== Task directions ==
Any pictures in the records below must be left out when you repeat the lines from the line containing "Сидоров проиграл выборы" through the line containing "nano energy-国家纳米科学中心" exactly.

== The input ==
---
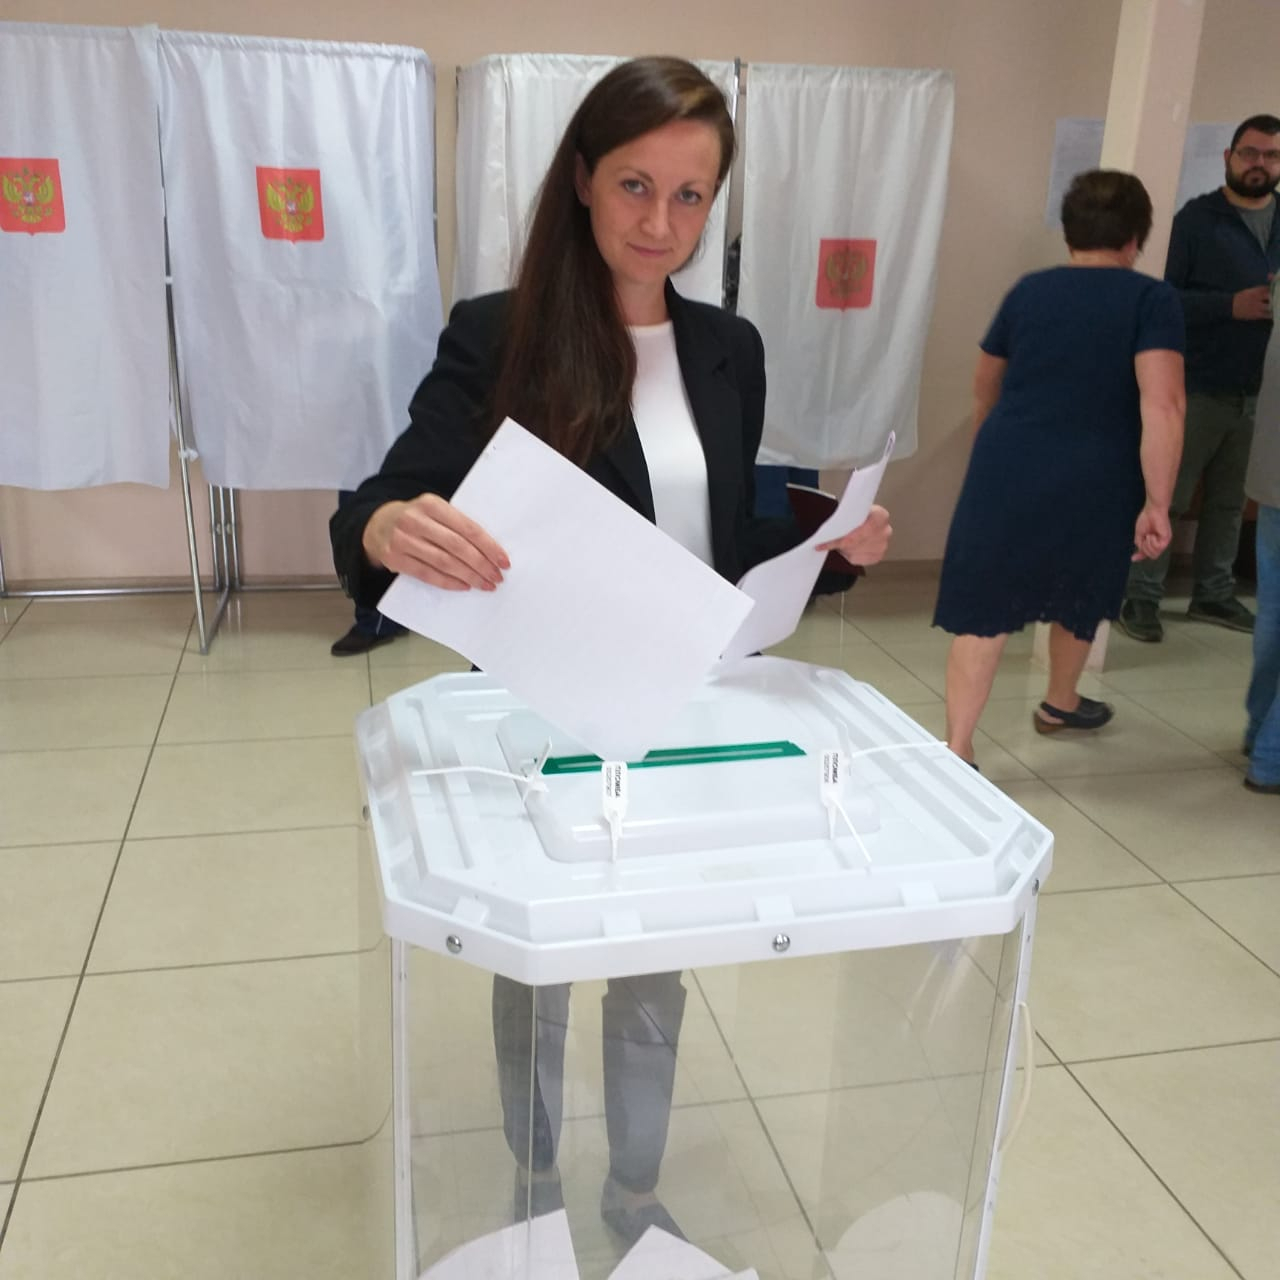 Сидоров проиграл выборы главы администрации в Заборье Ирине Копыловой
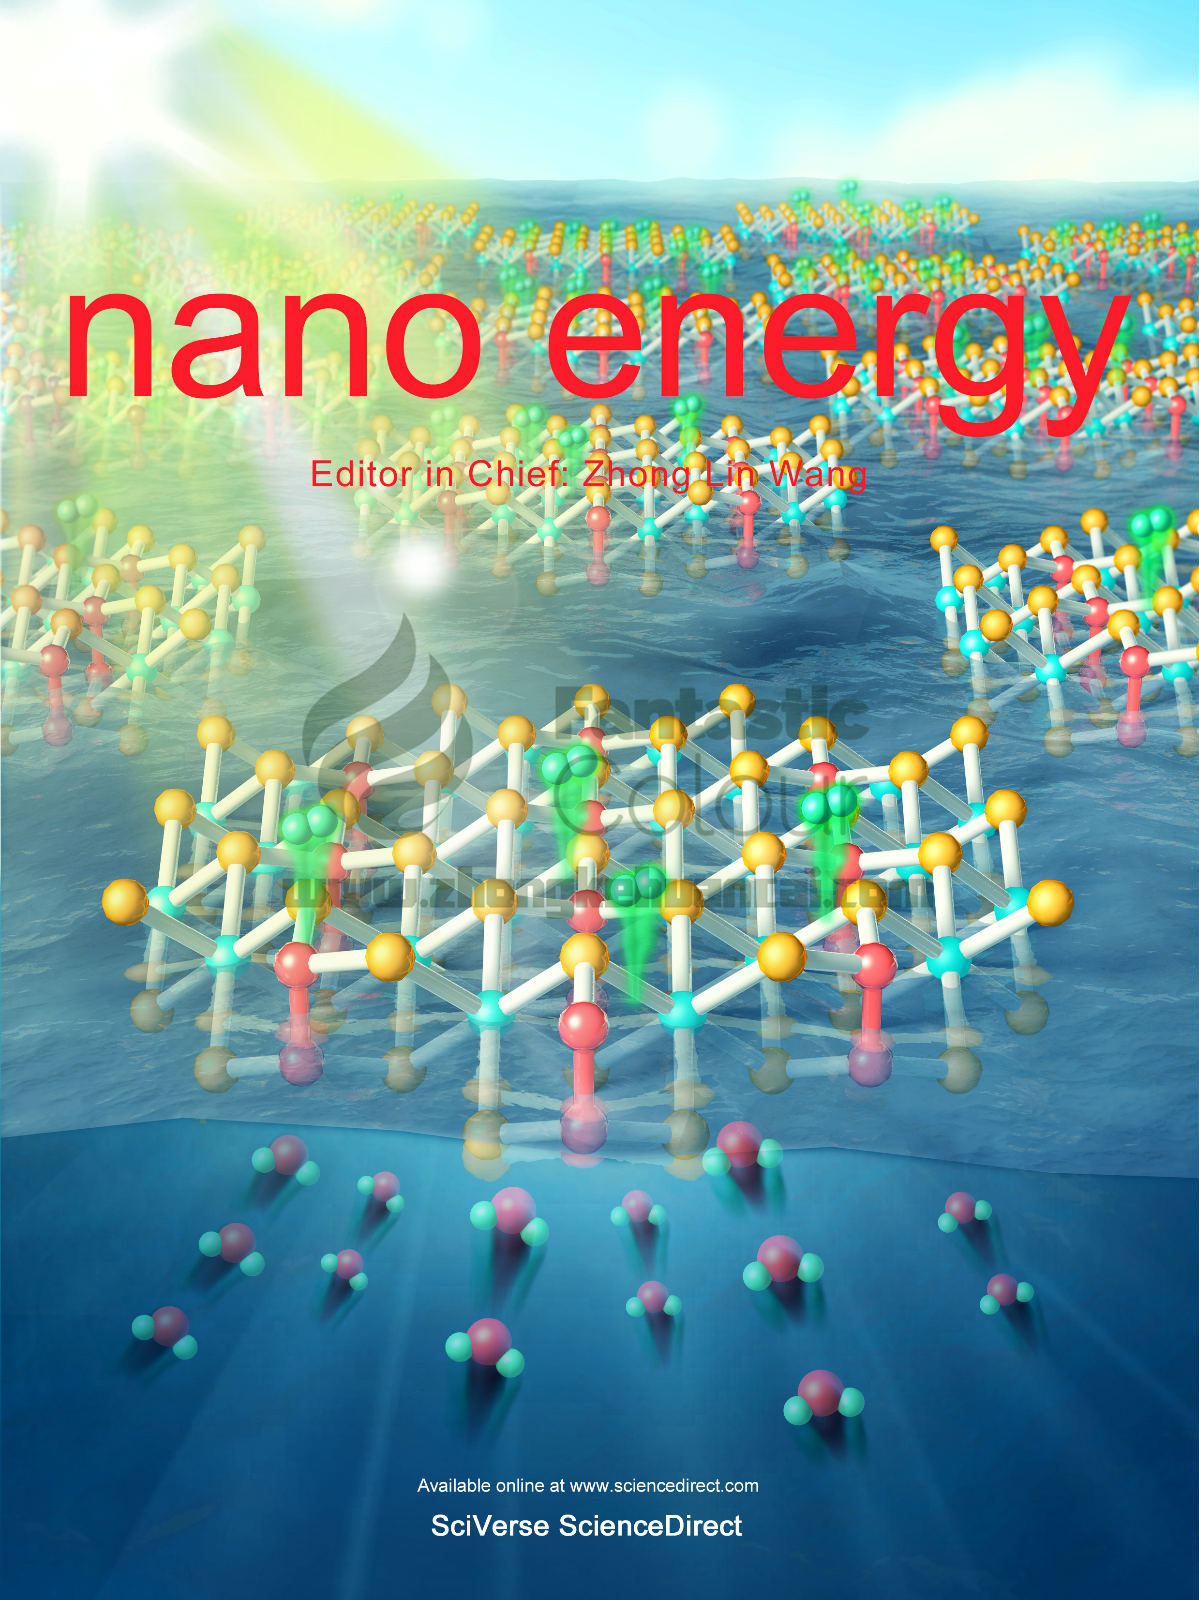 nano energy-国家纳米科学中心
---
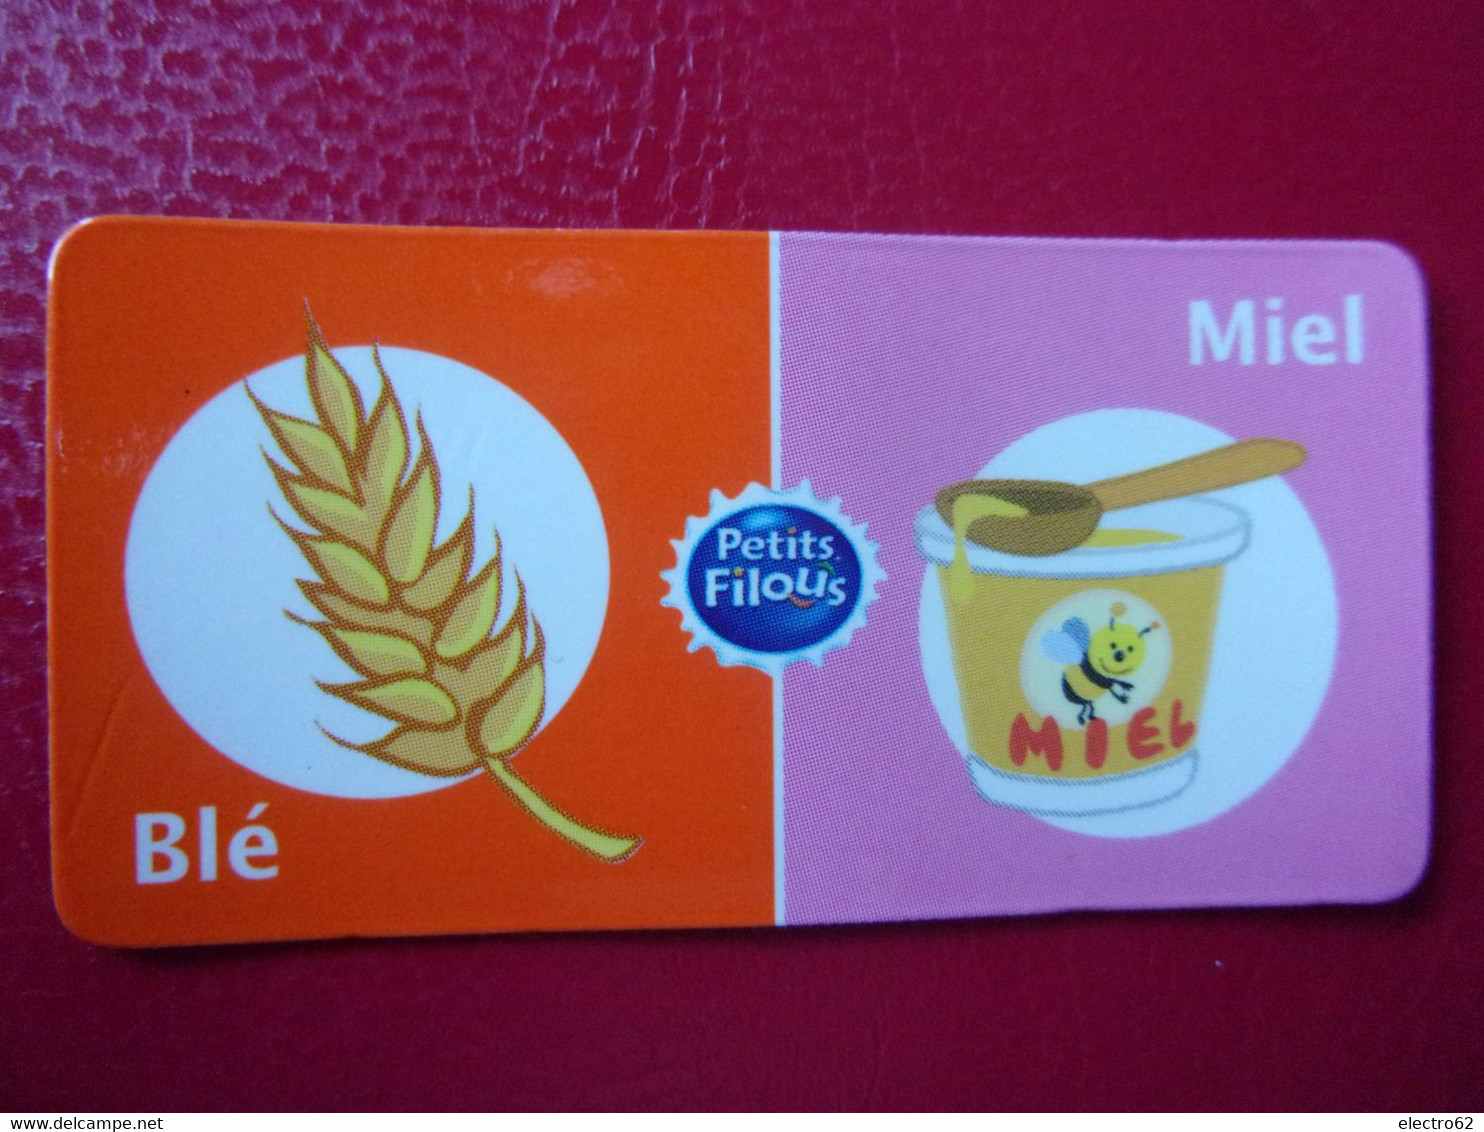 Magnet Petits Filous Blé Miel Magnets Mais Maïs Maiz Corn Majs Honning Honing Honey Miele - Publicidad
---
== Output for this exercise ==
 Сидоров проиграл выборы главы администрации в Заборье Ирине Копыловой
 nano energy-国家纳米科学中心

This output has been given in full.